Sedley was one of those characters who exert a personal fascination over their own age without leaving any works behind them to perpetuate the charm to posterity. He was the son of Sir John Sedley of Aylesford, in Kent, and was born in 1639. When the Restoration took place he repaired to London, and plunged into all the licence of the time, shedding, however, over the putrid pool the sheen of his wit, manners, and genius. Charles was so delighted with him, that he is said to have asked him whether he had not obtained a patent from Nature to be Apollo's viceroy. He cracked jests, issued lampoons, wrote poems and plays, and, despite some great blunders, was universally admired and loved. When his comedy of 'Bellamira' was acted, the roof fell in, and a few, including the author, were slightly injured. When a parasite told him that the fire of the play had blown up the poet, house and all, Sedley replied, 'No; the play was so heavy that it broke down the house, and buried the poet in his own rubbish.' Latterly he sobered down, entered parliament, attended closely to public business, and became a determined opponent of the arbitrary measures of James II. To this he was stimulated by a personal reason. James had seduced Sedley's daughter, and made her Countess of Dorchester. 'For making my daughter a countess,' the father said, 'I have helped to make his daughter' (Mary, Princess of Orange,) 'a queen.' Sedley, thus talking, acting, and writing, lived on till he was sixty- two years of age. He died in 1701.

He has left nothing that the world can cherish, except such light and graceful songs, sparkling rather with point than with poetry, as we quote below.

TO A VERY YOUNG LADY.

1 Ah, Chloris! that I now could sit    As unconcerned, as when  Your infant beauty could beget    No pleasure, nor no pain.

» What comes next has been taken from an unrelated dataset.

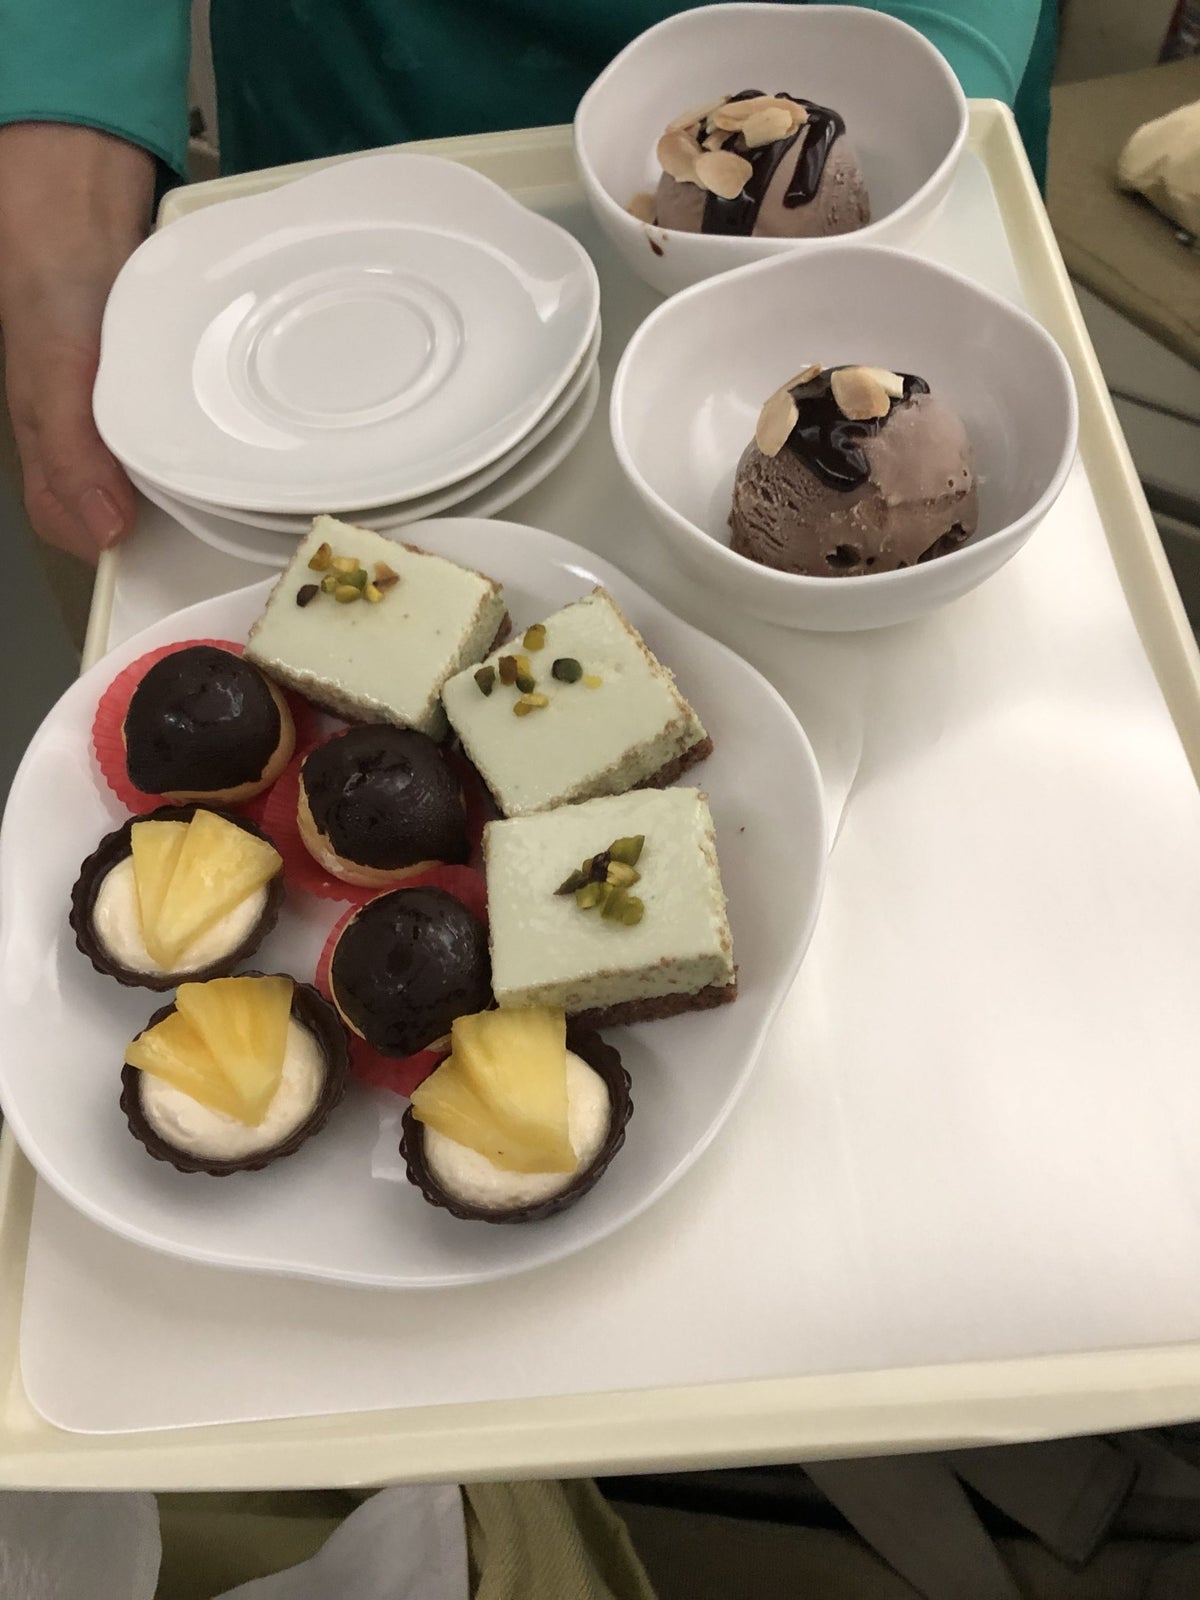 Vietnam Airlines 787-9 business class desserts

2 When I the dawn used to admire,    And praised the coming day;  I little thought the growing fire    Must take my rest away.

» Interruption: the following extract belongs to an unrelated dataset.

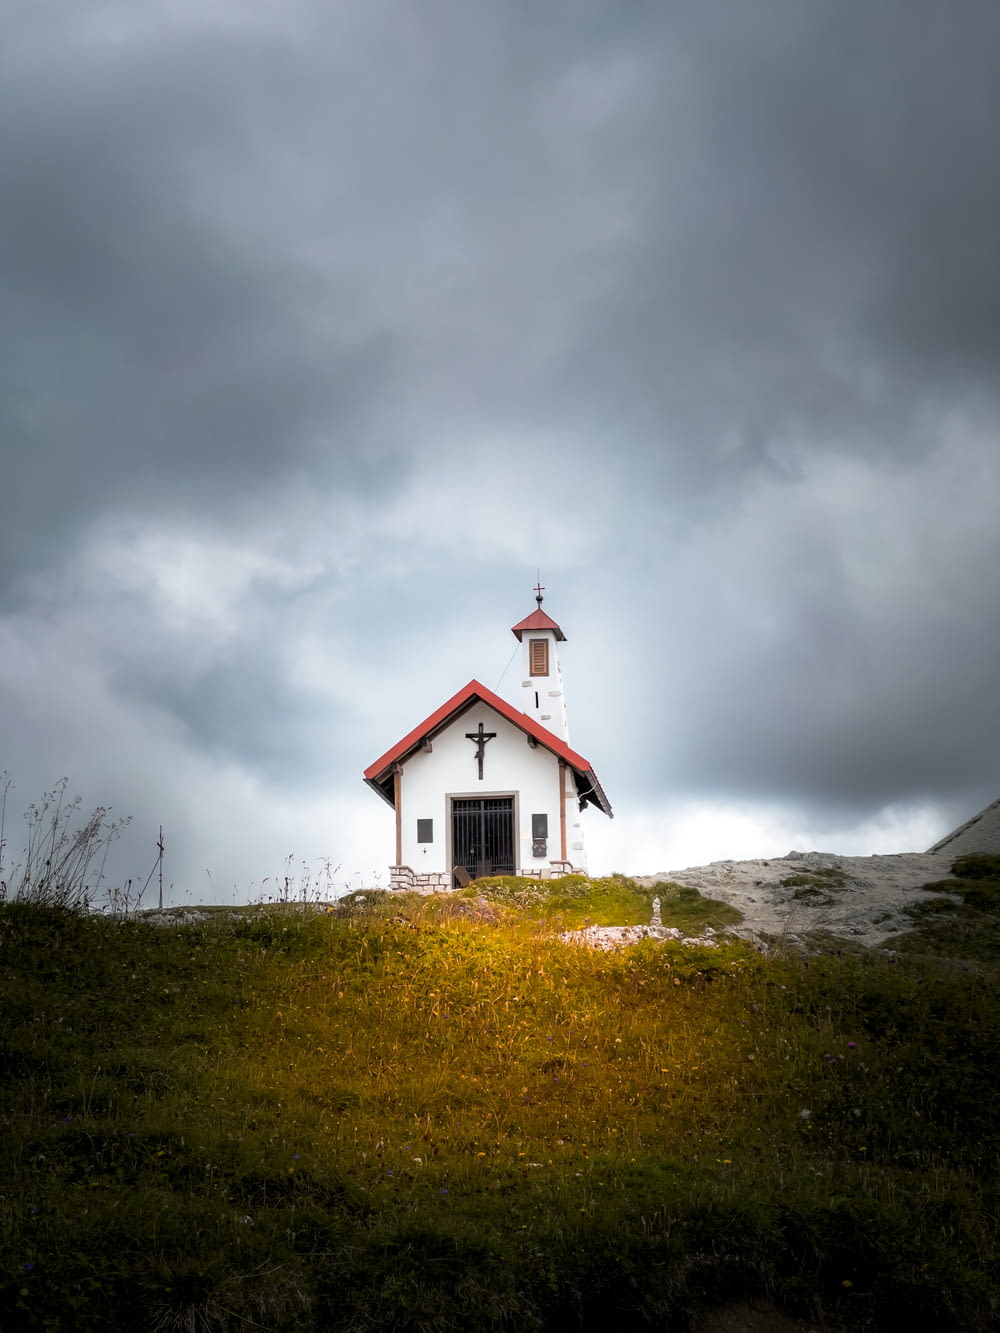 a small church on a hill under a cloudy sky

3 Your charms in harmless childhood lay,    Like metals in the mine,  Age from no face took more away,    Than youth concealed in thine.

4 But as your charms insensibly    To their perfection pressed,  Fond Love as unperceived did fly,    And in my bosom rest.

5 My passion with your beauty grew,    And Cupid at my heart,  Still as his mother favoured you,    Threw a new flaming dart.

6 Each gloried in their wanton part,    To make a lover, he  Employed the utmost of his art,    To make a Beauty, she.

7 Though now I slowly bend to love,    Uncertain of my fate,  If your fair self my chains approve,    I shall my freedom hate.

8 Lovers, like dying men, may well    At first disordered be,  Since none alive can truly tell    What fortune they must see.

SONG.

1 Love still has something of the sea,    From whence his mother rose;  No time his slaves from doubt can free,    Nor give their thoughts repose.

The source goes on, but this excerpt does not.